A widget might display many types of data, from sales numbers to CPU utilization. But those numbers are useless without context. If I gave you a gauge widget titled “Cash on hand” and that number read $2,000,000, is that good or bad? Well, it depends on a lot of factors. Are we normally keeping $18,000,000 on hand? What is cash on hand used for? If it’s lunch money, it’s probably way too much and could be put to better use through investments.

The point is that sometimes simply displaying data isn’t enough. You need to give that data context of whether it’s good or bad. I recommend giving context to data in three main ways: through color, threshold lines, and time comparisons.

4.3.1 Giving context through color

Giving context through color can be extremely easy, because most of us are already wired to associate certain colors with a particular meaning. With absolutely no context, if I were to show you a green light, you’d most likely think, “go” or “OK.” If I showed you a red light, you’d most likely think, “stop” or “danger.” You can use this wiring to your advantage to use color as a means of providing context, specifically with gauge numbers.
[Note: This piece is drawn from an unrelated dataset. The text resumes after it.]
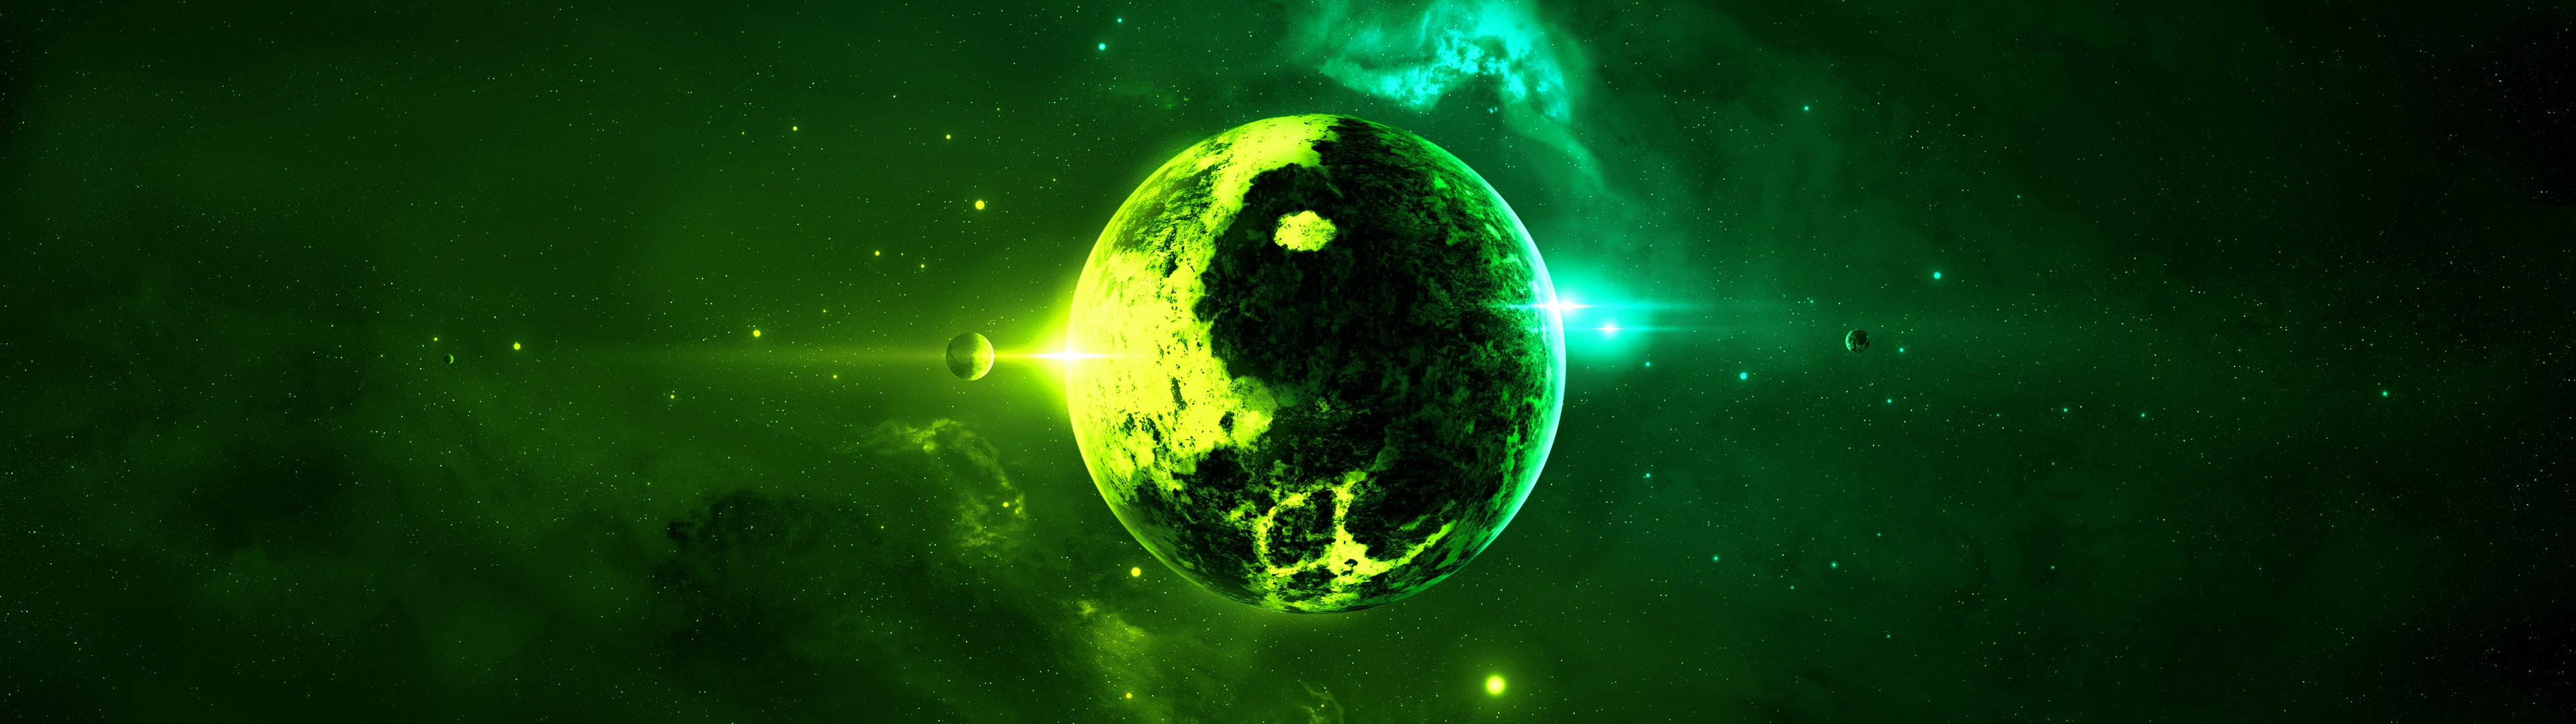 double planet green Wallpapers HD

Most tools provide an easy way to color-code a value or to annotate the widget with a symbol when values are within a range or threshold. With this functionality, you can determine the thresholds for gauge values and dynamically color-code them appropriately. This enables users of the dashboard to quickly look at a widget and determine whether things are good or bad, just based on the color of the value or the annotation added to it. But remember to use common colors that are universally recognized: green for OK, yellow for warning, and red for danger. If you want to add more than these colors, that’s fine, but make sure your colors are transitioning through this spectrum.

It can be extremely confusing when these rules are violated. I remember going to a data center once where the hard drive lights had accidentally been wired incorrectly, so all the lights on the drives were red! I went into quite a shock when I thought the entire disk array had failed, only to be told about the mix-up a few minutes later. Everything was fine, and I was able to delete my LinkedIn post about finding a new job before anyone saw it, but that’s probably an experience that everyone has when they first visit. Remember to make sure you stick with the boring green/yellow/red pattern. If you need additional colors for whatever reason, make them along the spectrum between those colors (green to yellow, and yellow to red).

4.3.2 Giving context through threshold lines

If I’m looking at a graph, the context of that graph can change greatly based on the time horizon I’m looking at. For example, if the orders per second metric has been bad for four hours, but I’m looking at only the last hour of data, I might not realize that there’s been a significant change. The number looks perfectly steady. But if I zoom out, I can quickly see that something significant has happened!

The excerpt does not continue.